Preprocessing (sphero_vem.preprocessing)#

Zarr-native resampling, tensor downscaling, and crop utilities.

Functions for preprocessing images.

sphero_vem.preprocessing.create_pyramid(image, num_levels, factor)[source]#

Build a multi-resolution image pyramid.

Parameters:
  • image (torch.Tensor) – Input image tensor at full resolution.

  • num_levels (int) – Total number of pyramid levels, including the full-resolution image.

  • factor (int) – Downsampling factor between consecutive levels.

Returns:

List of image tensors ordered from coarsest to finest resolution.

Return type:

list[torch.Tensor]

sphero_vem.preprocessing.downscale_tensor(image, factor, mode='bilinear')[source]#

Downscale a tensor or batch of tensors by an integer factor.

Parameters:
  • image (torch.Tensor) – Input tensor of shape (..., H, W). Unsqueezed to 4-D internally if necessary before interpolation.

  • factor (int) – Integer downsampling factor. Output spatial dimensions are H // factor × W // factor.

  • mode (str, optional) – Interpolation mode passed to torch.nn.functional.interpolate. Default is "bilinear". Use "nearest" for label maps.

Returns:

Downscaled tensor with the same number of dimensions as the input.

Return type:

torch.Tensor

sphero_vem.preprocessing.resample_array(zarr_path, array_path, target_spacing, order=1, zarr_chunks=(1, 1024, 1024), n_workers=4)[source]#

Resample an array in a Zarr archive to the target voxel spacing.

Uses a lazy Gaussian pre-blur followed by affine transform via dask_image, keeping memory usage bounded to chunk size throughout. Anti-aliasing is applied only along downsampled axes, mirroring skimage.transform.resize. Integer label data (integer dtype + order=0) is resampled without anti-aliasing. float16 arrays are promoted to float32 for processing and cast back on output, as scipy.ndimage does not support float16.

Parameters:
  • zarr_path (Path) – Path to the Zarr archive.

  • array_path (str) – Path to the source array within the archive.

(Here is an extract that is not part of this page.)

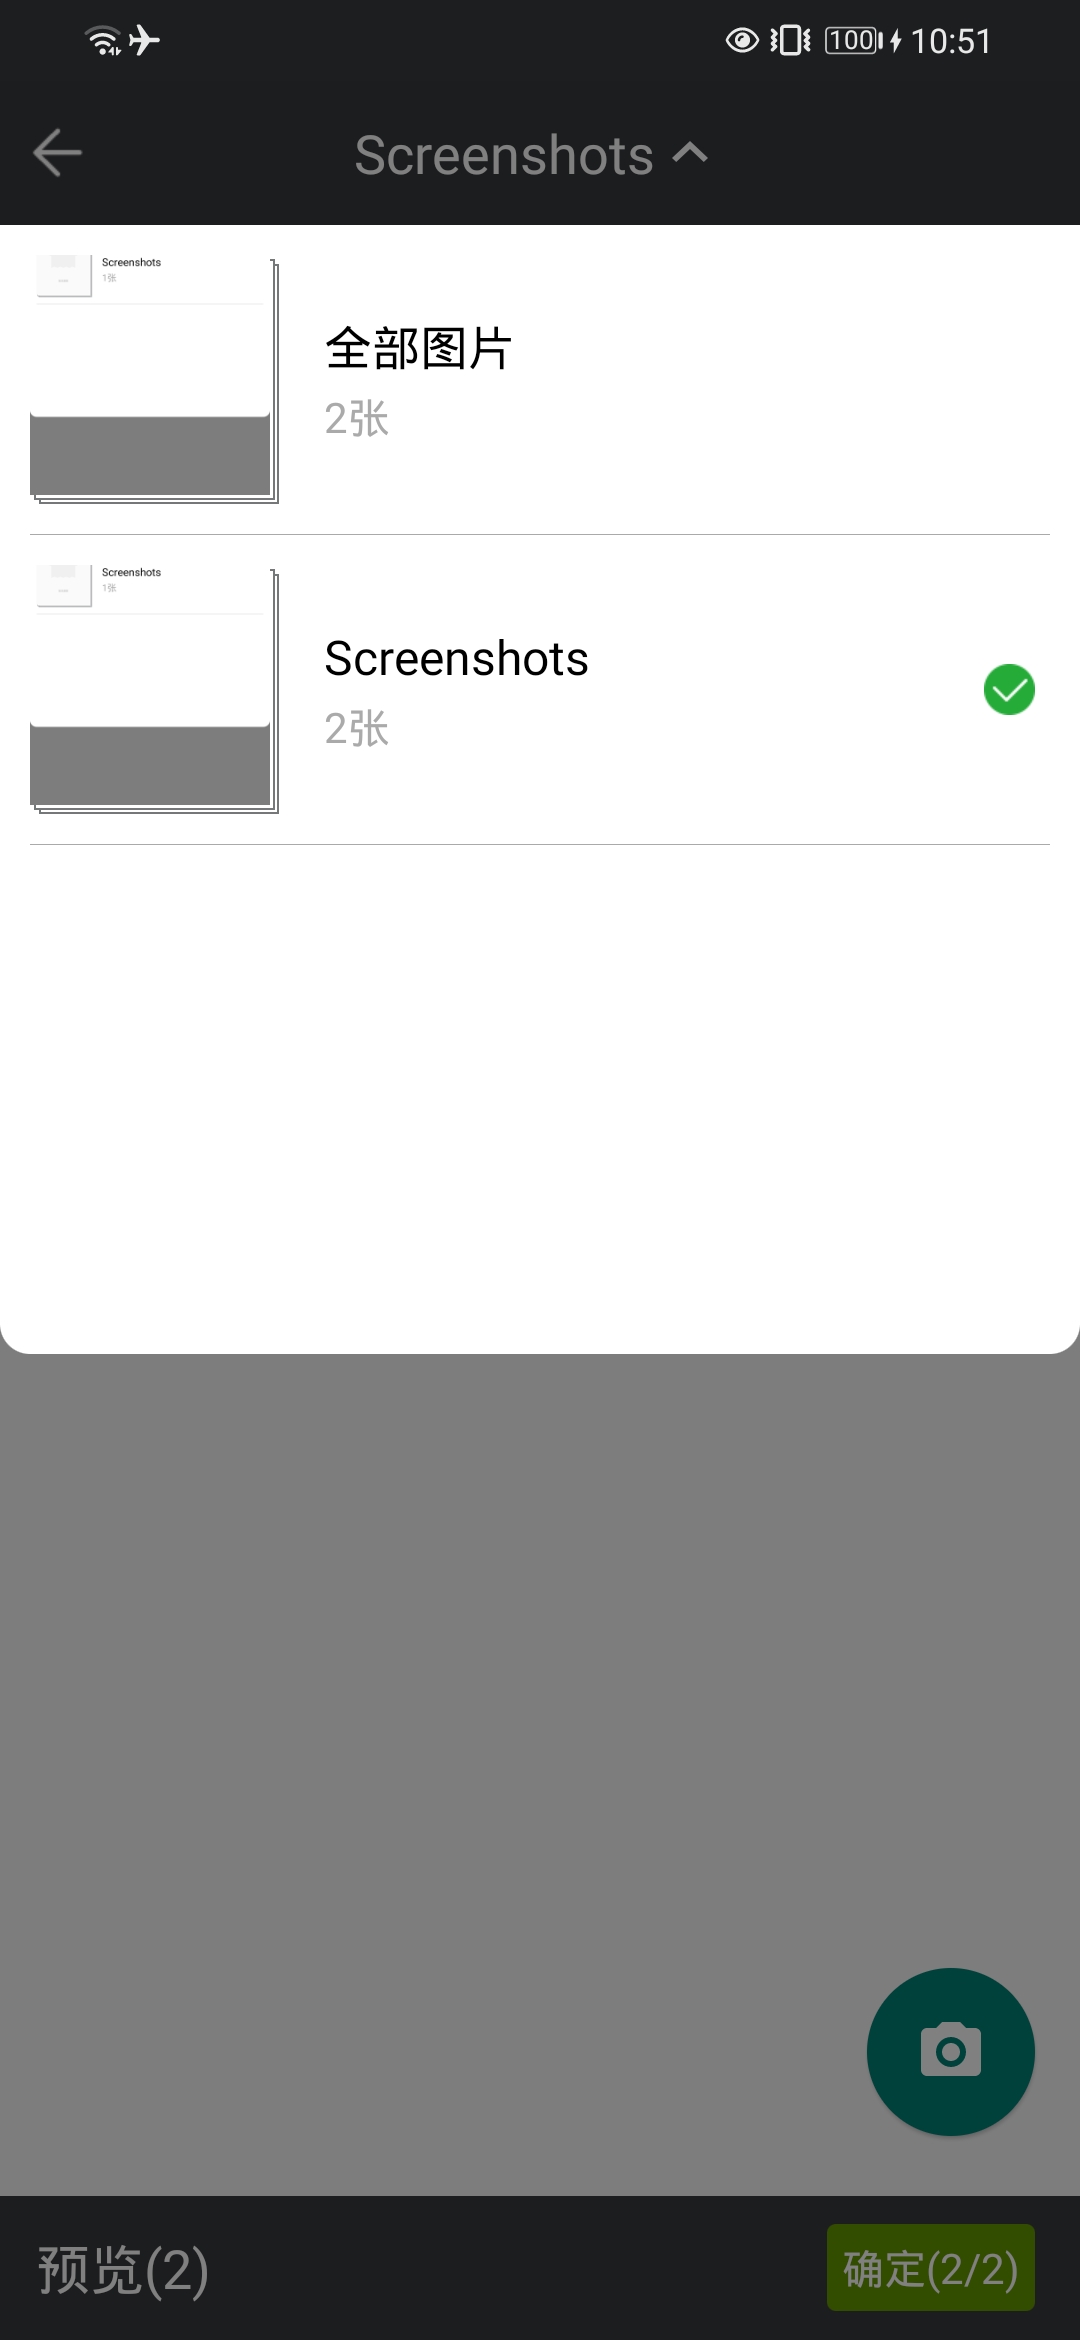 Android图片预览功能（可旋转、缩放、左右切换）_android 下载图片类似左边简略图右边大图浏览图片-CSDN博客

  • target_spacing (tuple[int, int, int]) – Target voxel spacing (Z, Y, X) in nanometers.

  • order (int) – Spline interpolation order. 0 = nearest neighbour (labels), 1 = linear (images). Default 1.

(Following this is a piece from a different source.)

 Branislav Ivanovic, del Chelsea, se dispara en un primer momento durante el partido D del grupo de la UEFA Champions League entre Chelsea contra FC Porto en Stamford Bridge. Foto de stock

  • zarr_chunks (tuple[int, int, int]) – Chunk shape for the output Zarr array.

  • n_workers (int) – Number of threads for dask’s threaded scheduler. Default 4.

Return type:

None

sphero_vem.preprocessing.rechunk_array(root, src_array_path, dst_array_path, dst_chunks=(1, 1024, 1024), copy_attributes=True, delete_src=False, verbose=True)[source]#

Copy a Zarr array to a new path with a different chunk layout.

Parameters:
  • root (zarr.Group) – Root Zarr group containing the source array.

  • src_array_path (str) – Path to the source array within root.

  • dst_array_path (str) – Path for the destination array within root. Created or overwritten.

  • dst_chunks (tuple[int, int, int], optional) – Chunk shape for the output array. Default is (1, 1024, 1024).

  • copy_attributes (bool, optional) – If True, copy all Zarr attributes from source to destination. Default is True.

  • delete_src (bool, optional) – If True, delete the source array after copying. Default is False.

  • verbose (bool, optional) – If True, show a tqdm progress bar. Default is True.

Returns:

The newly created destination array.

Return type:

zarr.Array

Raises:

FileNotFoundError – If src_array_path does not exist within root.

sphero_vem.preprocessing.crop_to_valid(data, mode='nonzero')[source]#

Crop a 3D array to the bounding box of valid data.

Parameters:
  • data (np.ndarray) – The 3D input array.

  • mode (Literal["nonzero", "notnan"], optional) – The validity criteria: “nonzero” (default) or “notnan”.

Returns:

The cropped array.

Return type:

np.ndarray

Raises:

ValueError – If mode is not a valid value.